Он никак не мог забыть ту волшебную ночь, когда в старом парке – в отдалении гремел веселый праздник – она, точно подкошенная страстью, лепетала ему колдовские слова о своей любви… И потом все страшно оборвалось. И у нее родился сын, этот теперешний чародей России, родился в тот срок, как если бы он был от него. Но они не успели ведь перешагнуть запретной грани… Значит, в то самое время, как лепетала она ему эти огневые слова, она… Нет, и теперь об этом думать нельзя!.. Ничего удивительного в том не было – она была замужем – и тем не менее из всех укусов жизни этот болел в его душе особенно ядовито… И вот сегодня в ночь опять ему что-то об этом снилось. И, потупив лысую, загорелую голову свою, среди безлюдья степи он снова и снова вглядывался в тайну бытия. И вспомнились ему слова Сковороды, которые в последний раз слышал он проездом в Петербург в трактире с соловьями, у Антипыча: «О, сердце, бездно всех вод и небес ширшая! Коль ты глубоко! Все объемлешь и содержишь, а тебе ничто не вмещает…» И припомнилось слово Августиново, которое Сковорода считал «самым сущим» из слов его: tolle voluntatem propriam et tolletur infernis – сиречь, истреби волю собственную и истребится ад… И беседы с немецким любомудрым Шопенгауэром вспомнились, который другими словами говорил то же и ссорился с университетскими профессорами и с какой-то бабой, которая осмелилась сесть в его прихожей… О, как немощен человек и как скорбен темный путь его!..

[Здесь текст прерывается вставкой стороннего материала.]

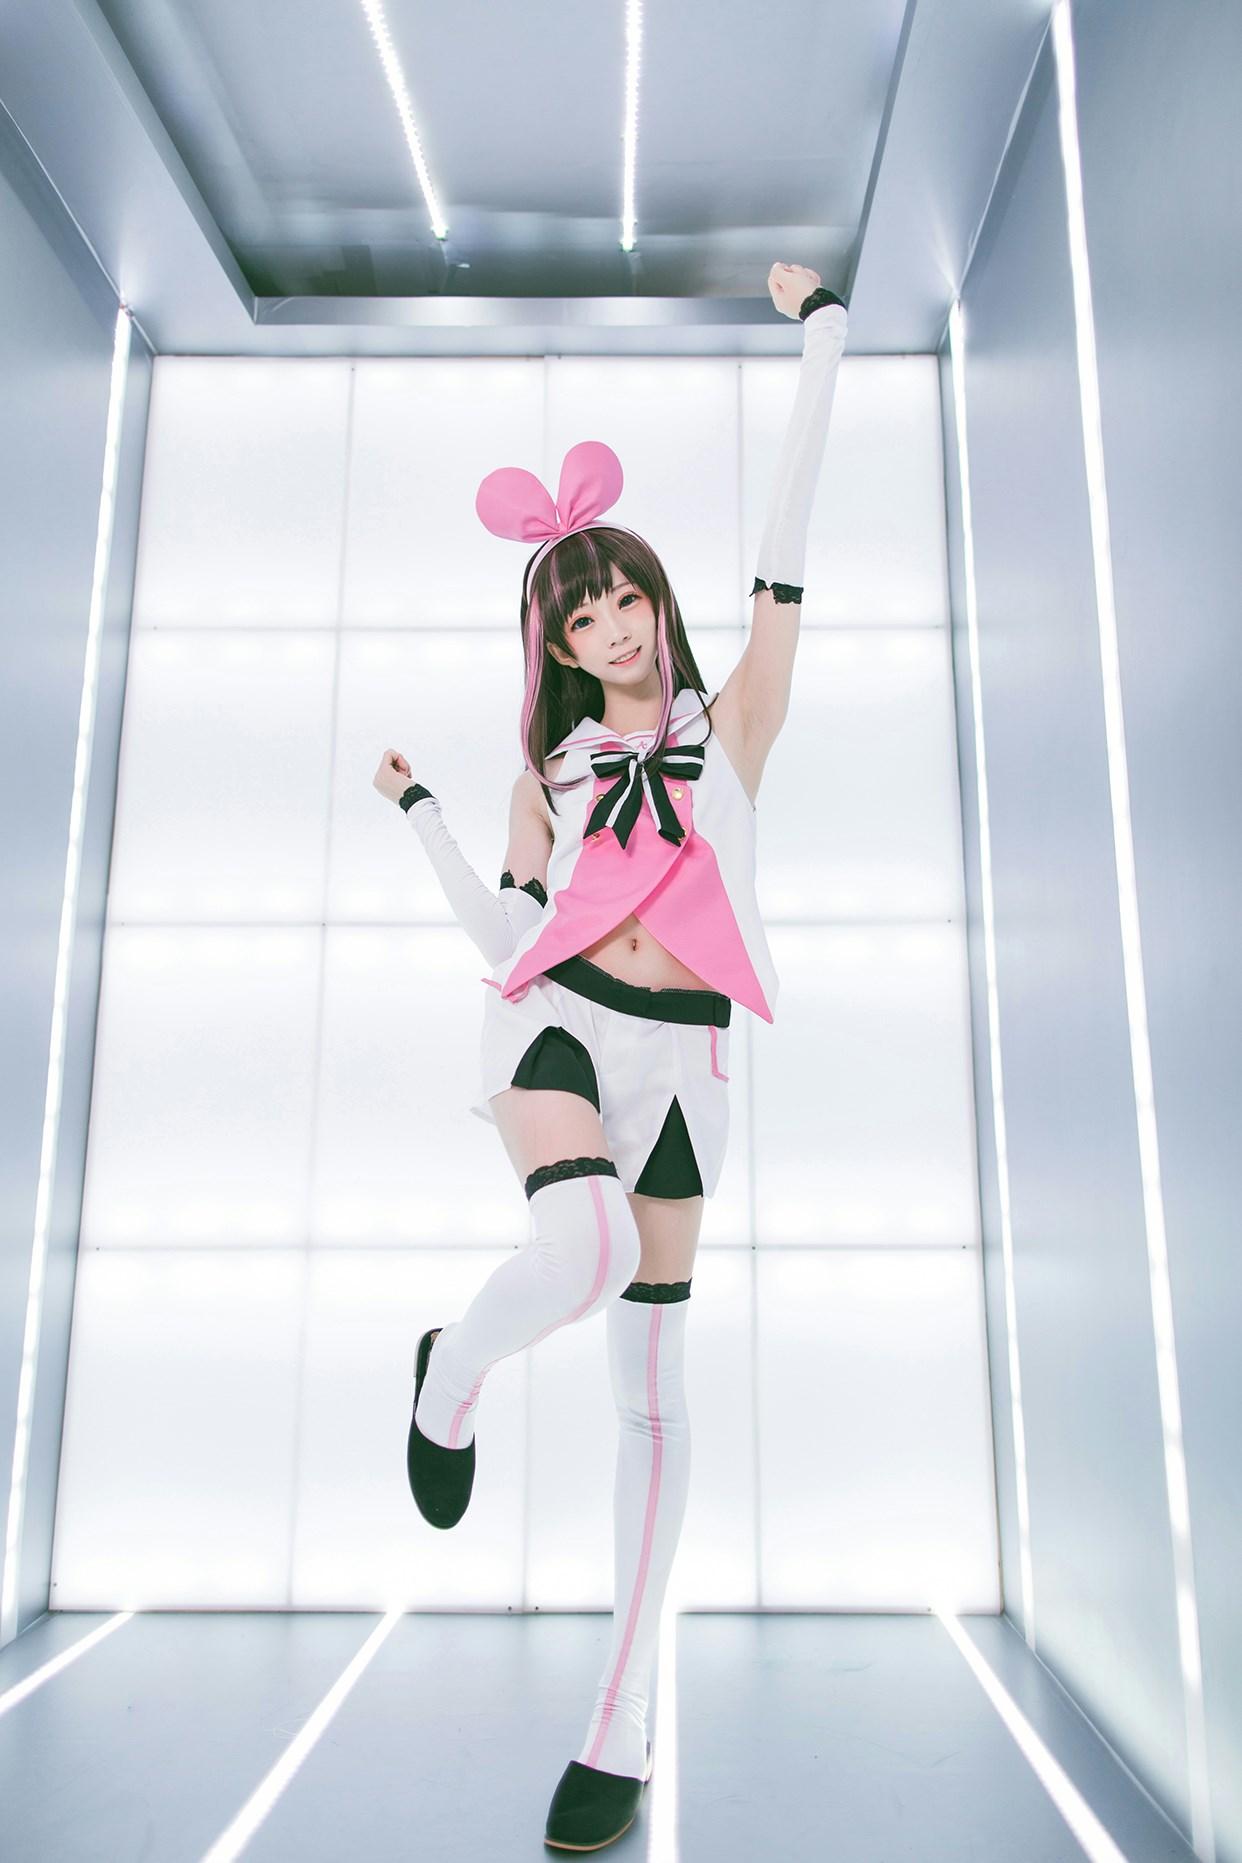 【兔玩映画】超可爱的表情包爱酱! 兔玩映画 第29张

Вдали, в степи, замелькали всадники. Он удивился: редко встречался тут человек. Присмотревшись, он увидел, что это были башкиры, выехавшие с тяжелыми беркутами на охоту… Посмотрев некоторое время на веселую скачку диких охотников в высокой траве, он, повернувшись, медленно пошел к башкирской деревеньке, в которой он жил. Вокруг поднимались в гору рати вековых великанов и чуялась в тиши дикая, прячущаяся лесная жизнь: то заяц шмыгнет в чащу, то белка зацыркает на него с ветки, то загремит глухарь… А вот тропа, которою ходят на водопой к светлому Зилиму, гремящему внизу по камням, лоси и олени. «Тишина это голос Бога», – вспомнилось ему чье-то изречение, которое всегда ему нравилось. Но вот старая царапина в сердце мозжит и не дает покоя. Сон это явь и явь мать снов – что их разделит? И как ни усиливайся сбросить с себя вериги жизни, они вот все же иногда натирают душу до крови… Пусть это все давно сгорело, пусть все это мертвый прах, но из него растет новая жизнь и он эту жизнь собою обременяет и отравляет…

– Мир доро́гой!

Он вздрогнул и поднял глаза. Пред ним на тропе стоял оборванный, обожженный ветрами старик-бродяга, кругленький, уютный, весь в веселых и добрых морщинках. В руке его посошок ореховый, за спиной котомка облезлая, на ногах калишки сто раз чиненые – все, как полагается.

– Мир доро́гой, дедушка! – отвечал Брянцев и внимательнее вгляделся в это добродушное лицо: он решительно где-то видел его. – Куда это ты путь держишь?

– А куды Бог приведет…

Брянцев еще раз внимательно посмотрел на него.

– А погляди на меня хорошенько, дед, – сказал он. – Ведь мы с тобой где-то встречались…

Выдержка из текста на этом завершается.